Why is palm oil the world’s most consumed vegetable oil by volume? +
Global palm oil production is about ~80 Mt a year, ahead of soybean oil (~60 Mt), rapeseed oil (~30 Mt) and sunflower oil (~22 Mt). The main reason is yield per hectare: oil palm produces about ~3.5–4 tonnes of oil per hectare, several times more than most other vegetable oils, such as sunflower at ~0.7 t/ha and soybean at ~0.4 t/ha. That makes palm oil the cheapest large-scale vegetable oil to produce. It explains its role in Asian and African cooking-oil consumption, which accounts for about ~70% of use, as well as in the global processed-food industry, including margarine, biscuits, chocolate and instant noodles, and in soap and detergent production through oleochemicals and fatty acids.
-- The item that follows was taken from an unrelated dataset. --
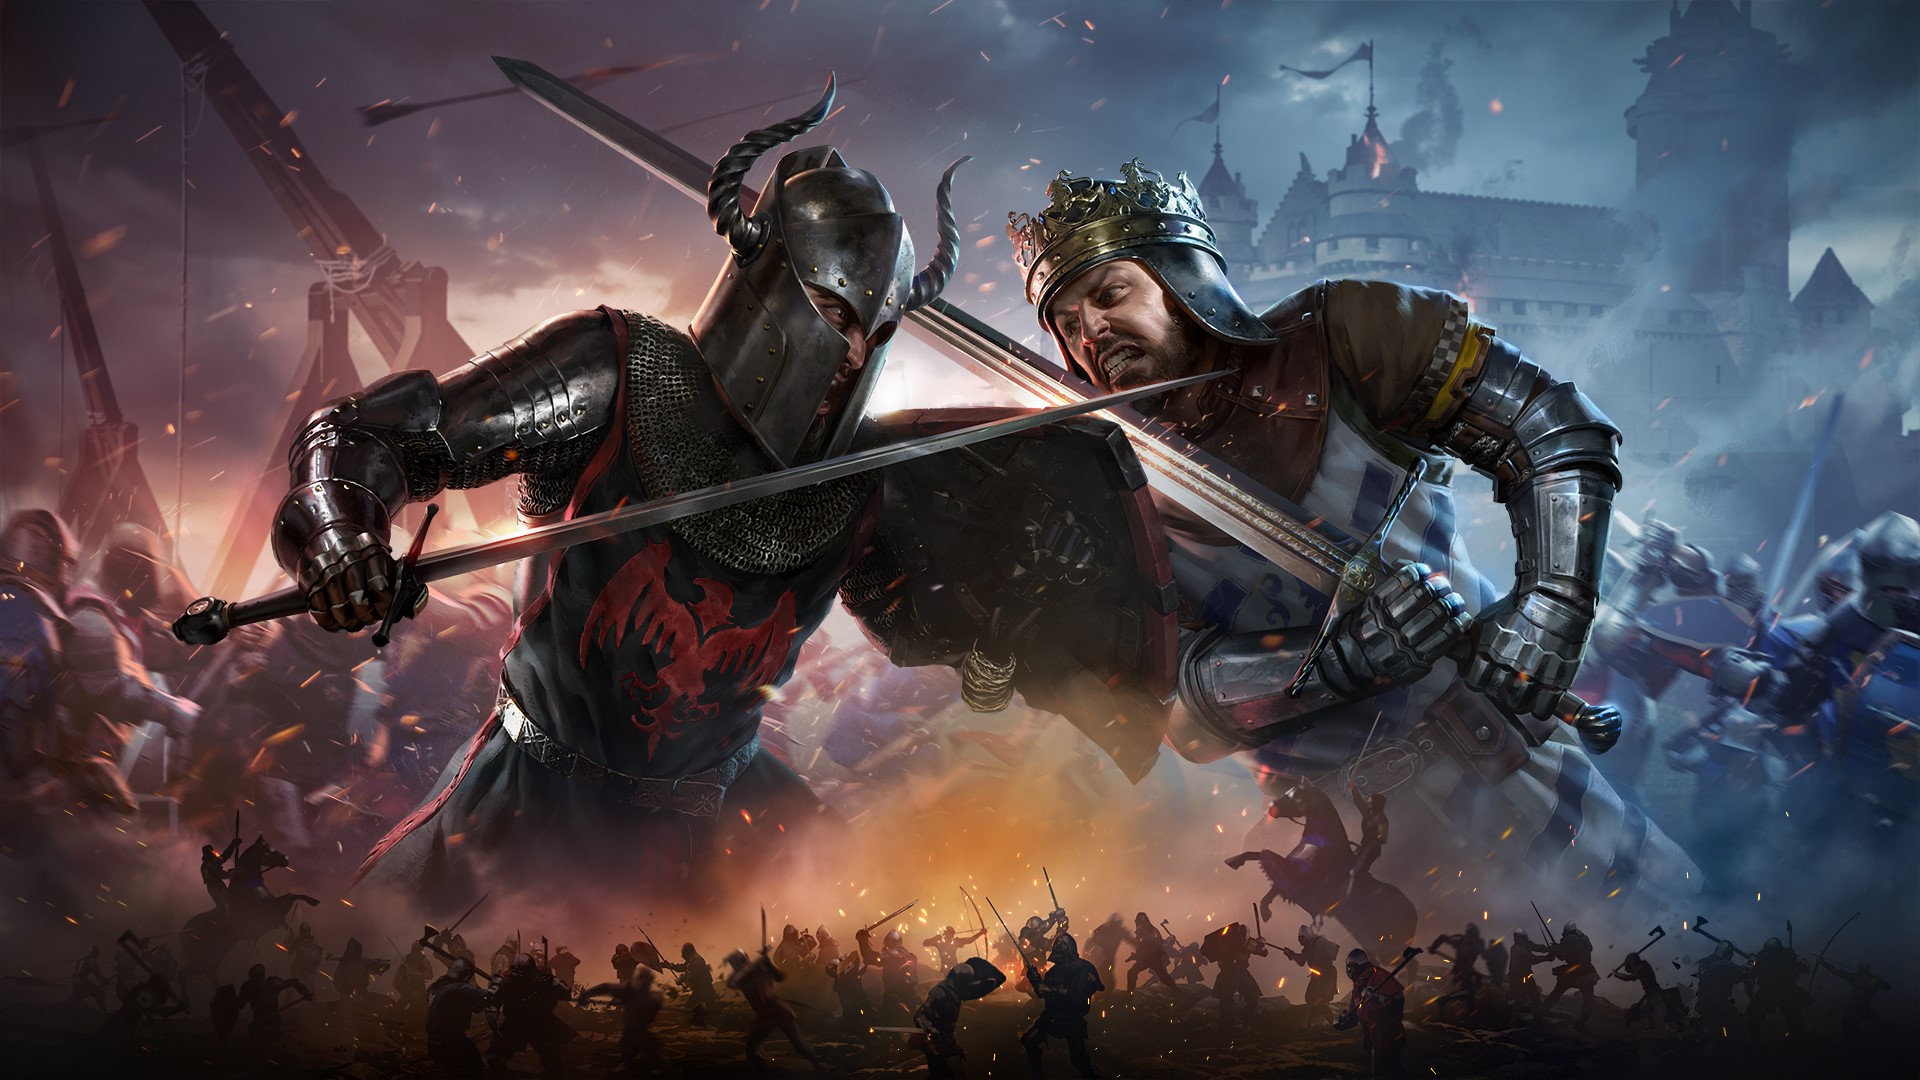 Chivalry 2 adds 500,000 new players following Game Pass debut

Global palm oil use statistics are tracked by Oil World and USDA WASDE Oilseeds.
Who are the largest palm oil importers? +
The two largest importers are India, at about ~8 million tonnes a year, and China, at about ~7 Mt. Together they absorb a large share of global palm oil exports. India uses palm oil for much of its domestic cooking-oil consumption and as an input for processed foods. Its monthly import data are published by the Solvent Extractors' Association of India (SEA). China’s demand is concentrated in processed foods and oleochemicals. Other major buyers include the EU (~4 Mt, mainly food industry and declining biofuel use), Pakistan (~3 Mt), Bangladesh and a range of African countries. India’s import-duty level and shifts in Chinese demand are among the main short-term drivers of FCPO prices. Tariff changes in India or updated Chinese import estimates are quickly reflected in the market.
How can a European retail investor access the palm oil market? +
There are three main routes for a European retail investor. First, a palm oil CFD that directly tracks the Bursa Malaysia FCPO price, listed on some platforms under the PALM or FCPO ticker. This is a leveraged product that can be traded long or short. Second, plantation-owner shares, including Malaysia’s Sime Darby Plantation (SDPL.KL) and IOI Corporation (IOI.KL), and Singapore-listed Wilmar International (F34.SI) and Golden Agri-Resources (E5H.SI). Third, broader agricultural ETFs such as DBA and MOO, which provide diversified vegetable-oil and agribusiness exposure. Tax treatment varies by jurisdiction; consult a local tax adviser.